通称「福ちゃん」「先生」。某時代劇などでラス立ちに度々登場。劇中のラス立ちでは浪人や家臣の姿でよく登場する。また、ラス立ちの他にも、役名がある回に登場。時代劇視聴記のホームページでは、みんなから「福ちゃん」や「福本先生」などたくさんの回にラス立ちなどの出演や登場などが載っている。特に、ラス立ちでは俳優がぶっ叩かれる時に「うわぉ」や「おおっ」「おわぁ」などの呻き声が度々ある。ぶっ叩かれた後は何回も復活するシーンがよくある。特に、某時代劇のラス立ちでのキャストクレジットの氏名はあまり載っていない。
朝日放送の「探偵!ナイトスクープ」で、視聴者から「いつも時代劇で出てくる名前もわからない、先生と呼ばれる用心棒の斬られ役の役者さんの事が知りたい。できるなら徹子の部屋に出演させてあげたい」という依頼を受け、桂小枝探偵が京都太秦の撮影所に行ってそれが福本清三であることを突き止めるが、当時は無名に近い彼をいきなり徹子の部屋の出演は無理があるとして、桂小枝が黒柳徹子に扮し、本物の徹子の部屋のセットでロケを行ったが……これだけで話は終わらなかった。
なんとその場に黒柳本人が現れ、事情を聞くうちに「斬られ役」というものに興味を持った事で本当に徹子の部屋への出演が決まったのである。。
これで福本清三の名前が大きく広まったのだった。
今や彼のトレードマークというべき浪人姿は一目でわかるほどであり、ファンからの愛称は「先生」が定着したぐらいである。
絶妙な痩せ具合、メイクによる眼光の鋭さがいかにもなアウトロー感と凄みを醸し出しているのはまさに彼のキャリアと斬られ役の美学の賜物である。
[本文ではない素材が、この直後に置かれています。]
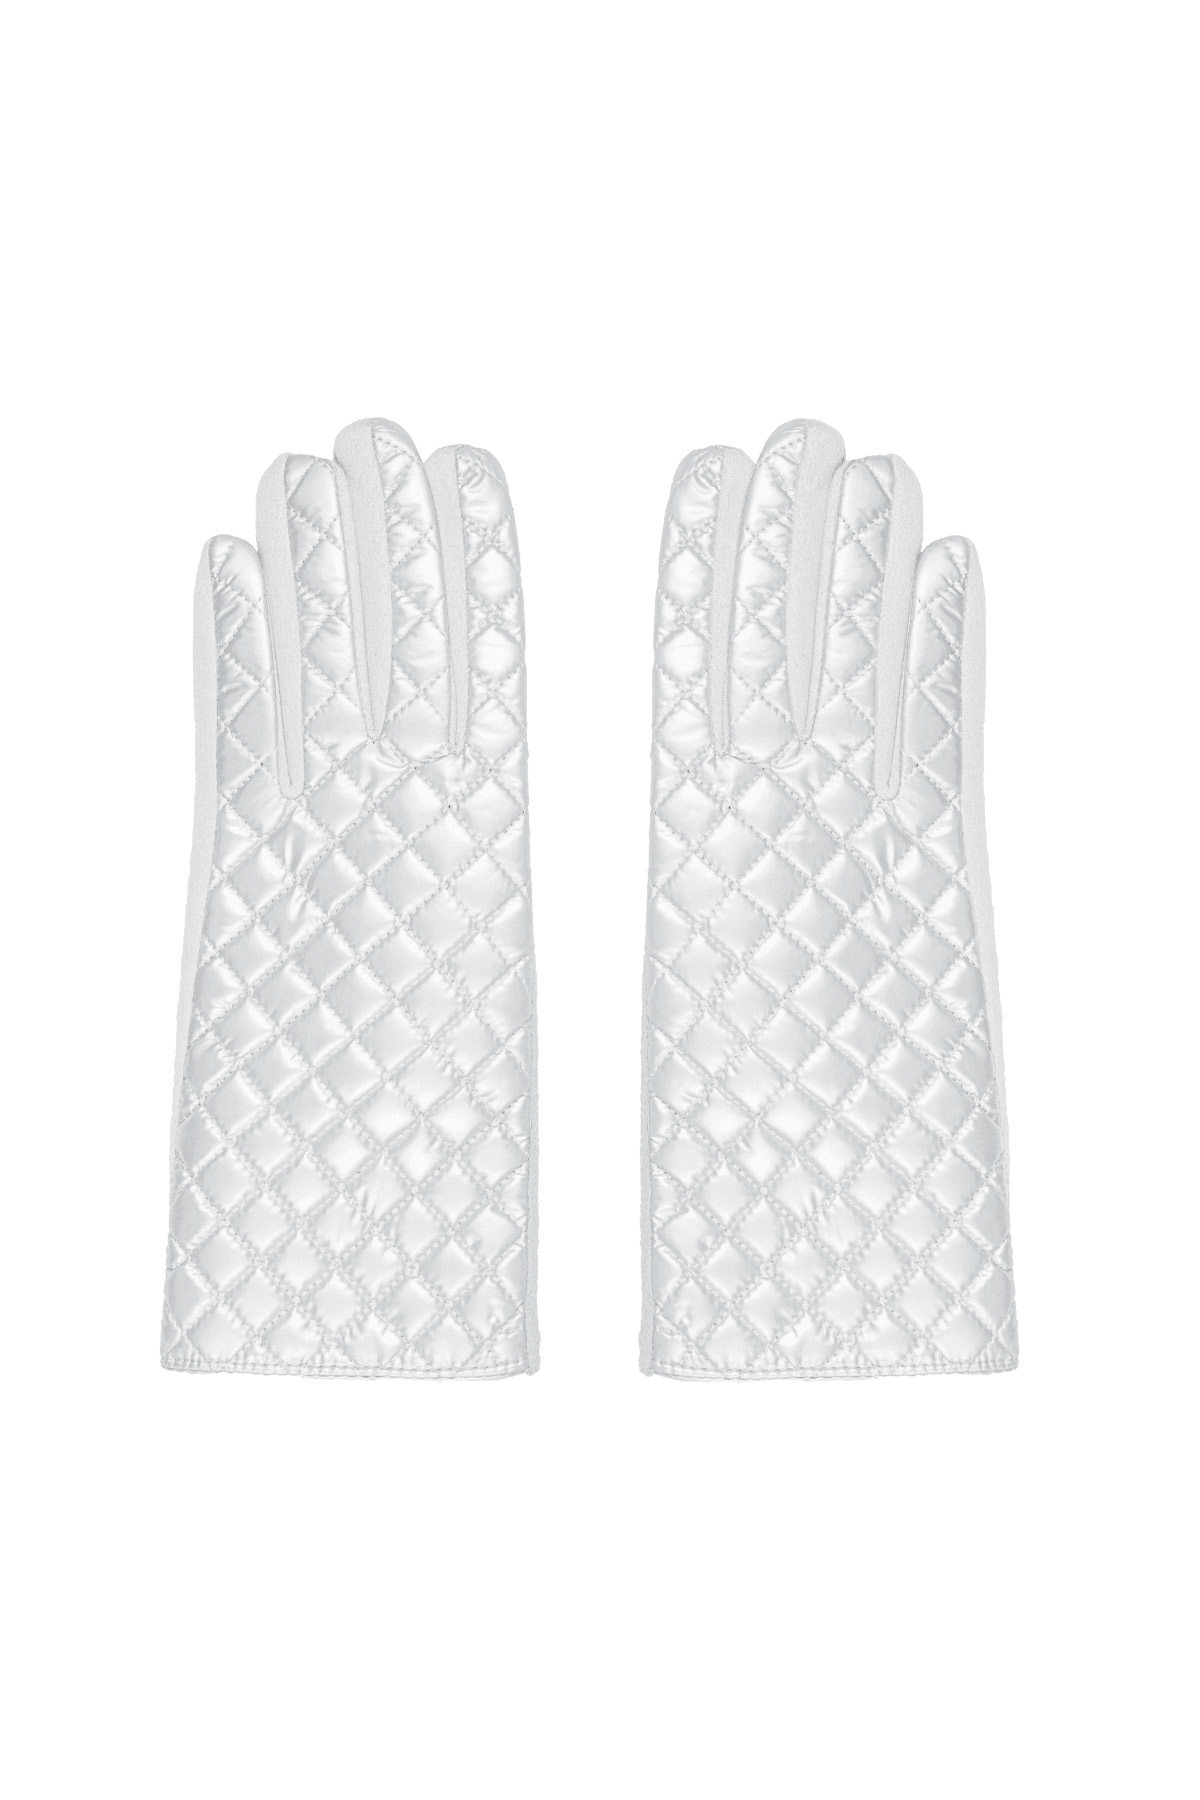 Handschoenen met gestikt patroon - wit h5

一躍脚光を浴びる切っ掛けとなった「ラストサムライ」では、寡黙な名も無きサムライ(エンドクレジットでは「Silent samurai」という役名)を好演した。寡黙だったのは彼が英語のセリフを覚えられなかったからだという。
役どころとしては、トム・クルーズ演じる主人公ネイサン・オールグレンの護衛兼監視役として彼の傍に控える無口な老侍といったポジションであり、役柄の関係上、出番も見せ場も過去作とは比べ物にならないぐらい多い。
本作における彼は不平士族…現代風に言えば反政府勢力の一員であるため、いつもの浪人姿ではなく、眼光の鋭さといったアウトロー感も控えめである(本作での彼は、どちらかと言うと穏やかで泰然とした人物を演じている)が、いざ戦闘となると数々の修羅場をくぐり抜けてきたであろう風格を見せ、まさしく「手練れ」と表現するに相応しいサムライ像を演じている。
加えて、最後のシーンではこれまで培ってきた斬られ役としての本領を発揮(ちなみに、この時一言だけセリフを喋っている)。
セリフは少なくとも、その姿とアクションで見事にその存在感を魅せつけた。